A 40-minute inquiry lesson comprising demonstration, proposal, experiment, and report to 224 ninth-grade students organized by the author provided evidence that situational interest can be developed through such activities compared to copying notes from the text and during the lecture. Situational interest, generated by the aspects of a specific situation (e.g., a spectacular demonstration may arouse students’ interest temporarily, even if they are not normally interested in science), is a short-time interest. Although it is a transient occurrence, the author’s previous findings suggest that situational interest, if experienced repeatedly, can have powerful/wide-ranging effects on student motivation. The author identifies sources of situational interest as, for example, learning, choice, novelty, physical activity, social involvement, etc., the strategies that may be especially relevant and accessible in informal learning environments.
Baram-Tsabari, A. & Yarden, A. (2009). Identifying meta-clusters of student’s interest in science and their change with age. Journal of Research in Science Teaching, 46(9), 999–1022.
If student interest in science is a predictor of careers in science, how can we characterize student interest across ages? Analyzing 6,000 questions from students gathered from informal science settings such as questions submitted to TV shows or Ask-a-Scientist websites, this study classifies student interest in science into six clusters. Younger students (K-9) showed interest in zoology, technology, and astrophysics while older students (10–12) showed interest in physics, chemistry, and biology. This shift of interest to science topics covered in school is relevant to informal science learning as informal spaces have the opportunity to provide advanced and supplementary experiences beyond science in school with the goal of expanding on established interests and also providing learners with opportunities to encounter other ideas and generate new interests.

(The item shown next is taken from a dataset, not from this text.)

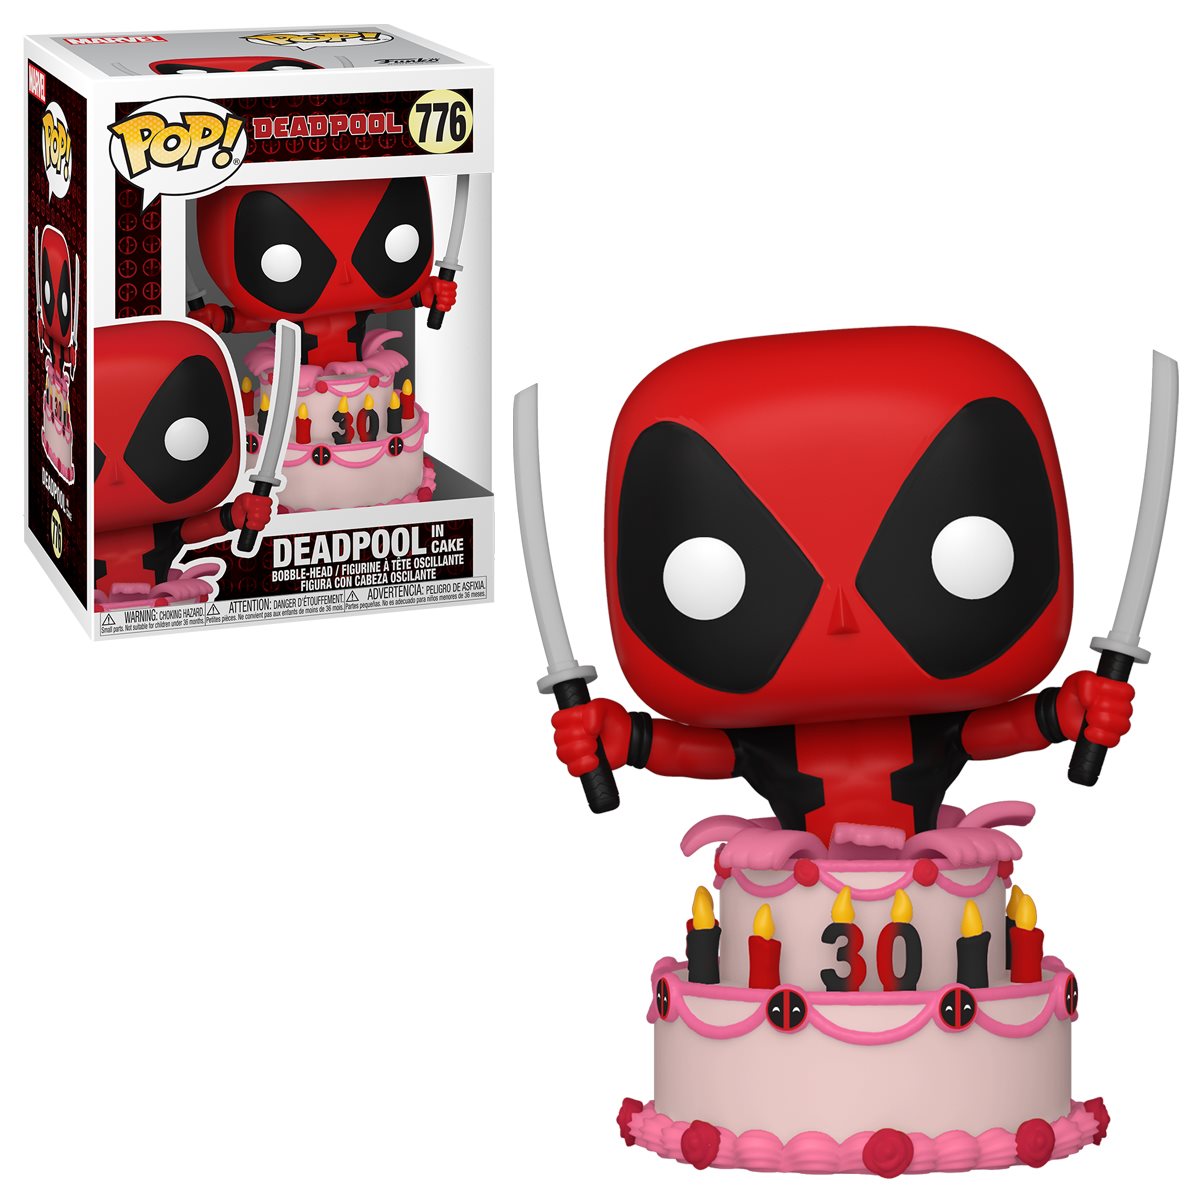 Deadpool 30th Anniversary Deadpool in Cake Funko Pop! Vinyl Figure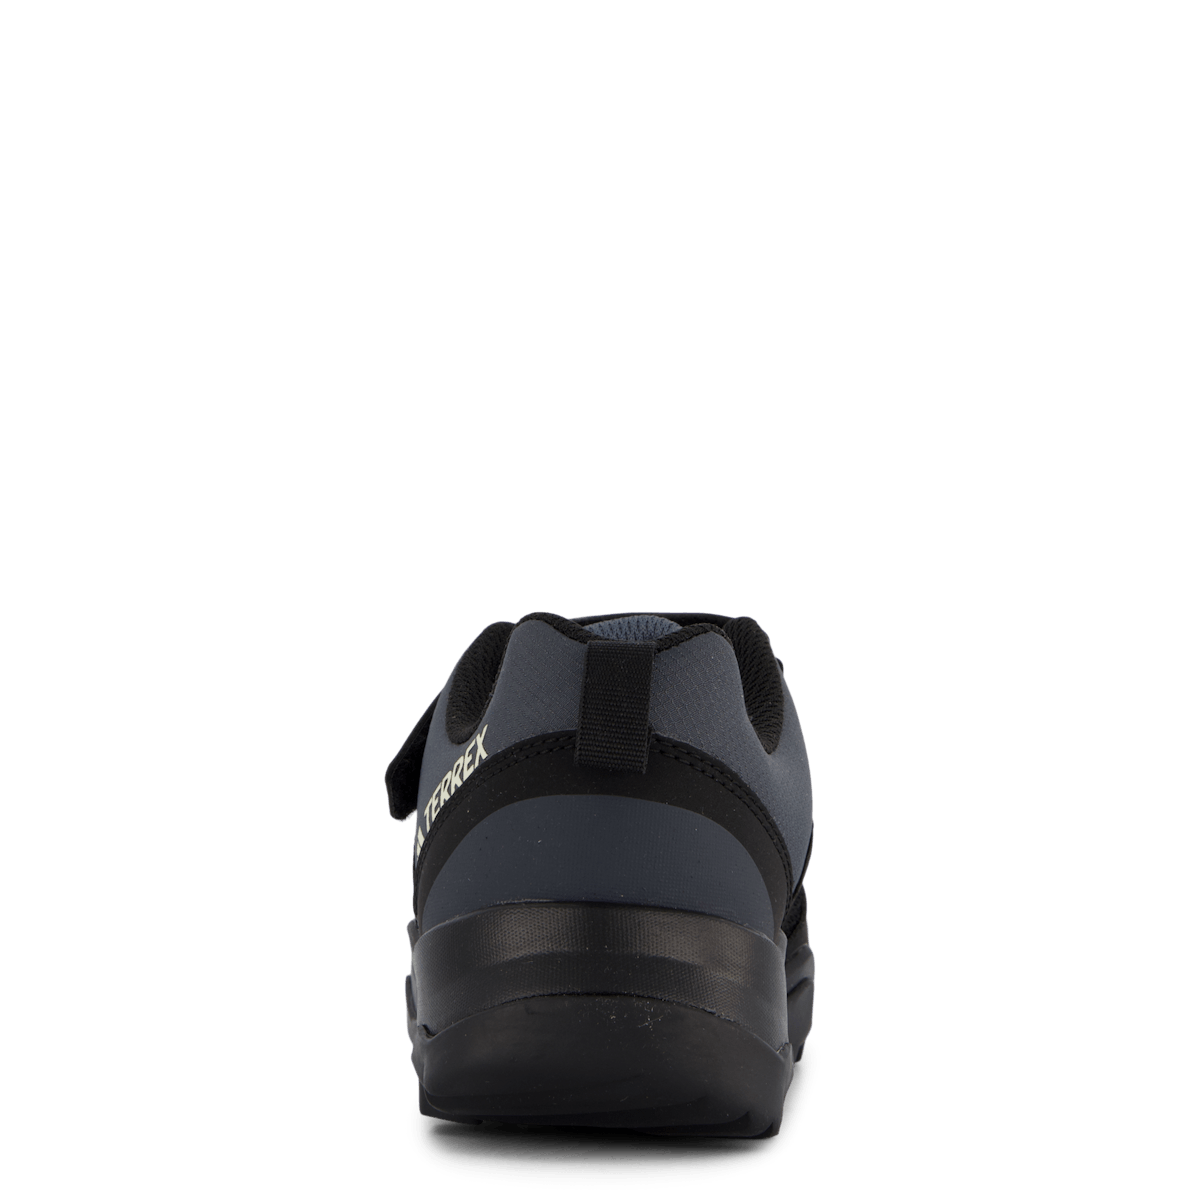 Terrex AX2R Hook-and-Loop Hiking Shoes Core Black / Core Black / Onix

Wong, B. (2012). Identifying with science: A case study of two 13-year-old “high achieving working class” British Asian girls. International Journal of Science Education, 34(1), 43–65.
This paper presents a case study of two currently high-achieving 13-year-old British Asian schoolgirls: One appears keen to pursue advanced science learning, whilst the other seems more likely to reject such a path. Wong’s discussion offers insight into how young people develop an identity with science—or not. His analysis adds to the literature on why students rapidly lose interest in science on reaching adolescence and secondary school.